Народу набралось много. Мари-Луиза Жаклар кое-что рассказала мне о супругах Миньо. Раймонда — дочь богатых крестьян, родители ее живут в деревне в Брессе. Ее братья и сестры все крепыши, здоровяки, только она одна уродилась хворая. В годы войны она жила спокойно, читала бульварные романы, покупая их целыми охапками, по пятьдесят выпусков, на ярмарке в палатке странствующего букиниста. В дни Освобождения ей исполнилось двадцать лет; она только и мечтала, как бы распроститься с родительской фермой, избавиться от черной работы; отец заставлял ее откармливать на продажу уток и гусей. Когда Фредерика Миньо назначили начальником почтового отделения в главном городе кантона, он основал там местную секцию СРМФ [5]; на организационное собрание была приглашена молодежь из всех окрестных сел. Раймонда, заметив, что она приглянулась Фредерику, решила вступить в Союз. Они поженились в тот год, когда Миньо, сдав конкурсный экзамен, получил место инспектора почтового ведомства и был назначен в Клюзо. Раймонда надеялась завязать знакомство о местной знатью. Однако Миньо приводил к себе домой только коммунистов; три раза в неделю он уходил по вечерам на собрания, в остальные вечера читал или готовился к выступлениям. В первый раз «боли» появились у Раймонды в то воскресное утро, когда у нее в доме сел за стол рабочий Кювро, приглашенный к обеду. Раймонда ненавидела Кювро за то, что он резал правду в глаза, как ее родной отец, брессанский крестьянин. Припадки ее выражались в блуждающей судороге, сводившей то руку, то ногу; однажды боль подкатила к сердцу, Раймонда впала в глубокий обморок; боялись, как бы она не умерла. Миньо стал возить жену к докторам, объездил с ней всю область, даже лечил ее у какого-то знахаря в Сент-Мари-дез-Анж.
— Недавно мы возили ее в Лион, к невропатологу, — сказала Мари-Луиза.
Вернулся Миньо.
— Тебе бы следовало выступить, — сказал он Пьеретте Амабль.
— Только не сейчас, — возразила Пьеретта. — Одни увлечены танцами, а другие пьяны и ничего не поймут.
— Но ведь так нельзя! Коммунисты устраивают вечер, и никто из нас не выступит с речью! — возмущался Миньо.
— О чем, по-твоему, я должна сказать? — спросила Пьеретта.
— Скажи о необходимости единства между трудящимися.
— Выступи сам, если у тебя хватит храбрости.
— Нет, говори лучше ты, — настаивал Миньо.
— Не понимаю — почему?
— Потому, что меня не любят, — заявил Миньо.
— Ну что ты выдумываешь? — воскликнула Пьеретта, и на мгновенье тень затуманила ее большие черные глаза.
В зал вошел Красавчик и направился прямо к нашему столу.
— Добрый вечер, мадам Амабль, — сказал он, энергично встряхнув ей руку.
Я глядел на него с удивлением. Пожимая Пьеретте руку, он расправил плечи и слегка откинул назад голову: так итальянцы здороваются, когда хотят выразить кому-нибудь особое свое уважение (немцы в таких случаях низко склоняют голову, а поляки сгибают стан). Но меня удивило не только то, что он как будто вытянулся во фронт перед Пьереттой.
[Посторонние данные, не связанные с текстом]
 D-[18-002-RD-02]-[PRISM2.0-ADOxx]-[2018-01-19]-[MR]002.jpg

Изменился даже звук его голоса, и в его приветствии: «Здравствуйте, мадам Амабль» — не было нежных или чуть насмешливых заговорщических ноток, которые обычно проскальзывали в его разговорах с женщинами и, случалось, раздражали меня; теперь в его тоне я даже усмотрел некоторую чопорность. И почему он сказал «мадам Амабль», когда все здесь называют эту молодую женщину просто Пьереттой?
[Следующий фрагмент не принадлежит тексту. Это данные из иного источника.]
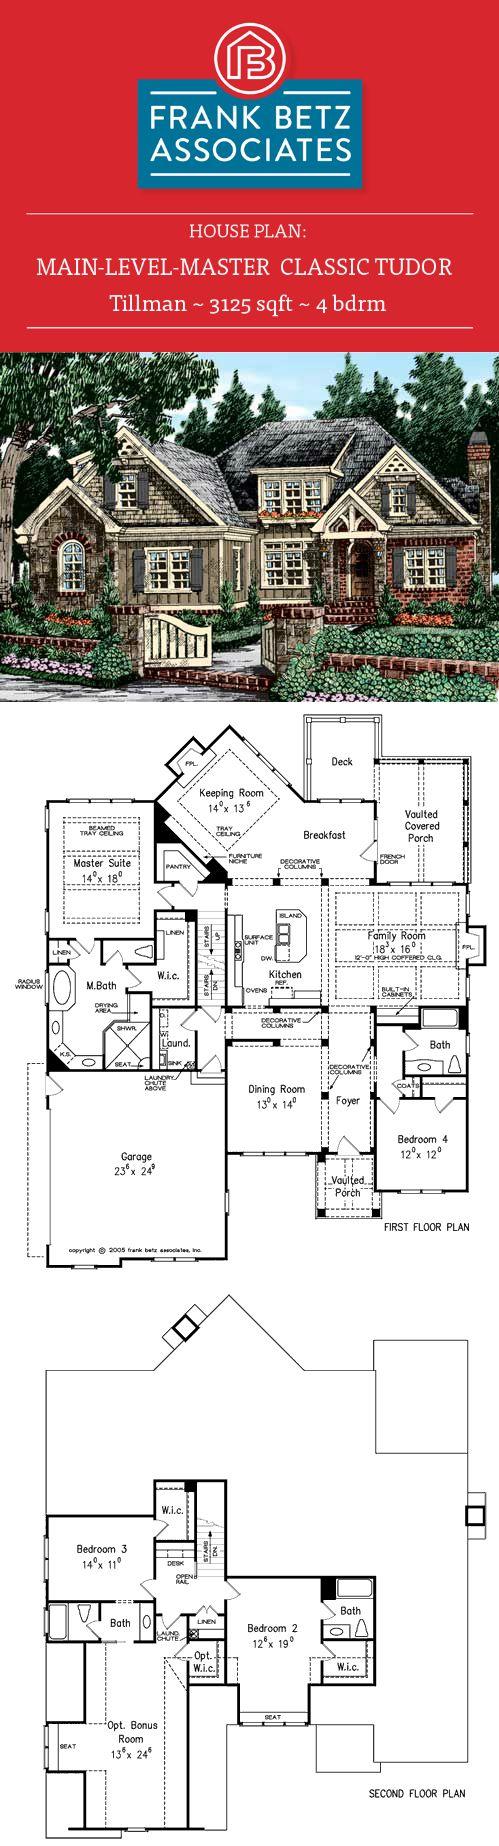 Tillman 3125 Sqft 4 Bdrm English Classic Tudor House Plan Design By Frank Betz Associates Inc House Plans Tudor House Exterior How To Plan

— Добрый вечер, Красавчик, — ответила Пьеретта. — Что ж ты так поздно?
— Нынче весь день я провел с земляками в горах, выше Гранж-о-Вана. Они там жгут в лесу уголь.
Он говорил свободно, уверенно, словно вел беседу в светской гостиной. Я лишний раз восхитился учтивой непринужденностью манер, свойственной итальянскому народу.
— …Последние три километра там даже и дороги нет никакой. Товарищи вышли меня встречать и привели с собой оседланного мула. В деревне они не живут — только раз в неделю посылают кого-нибудь туда за провизией.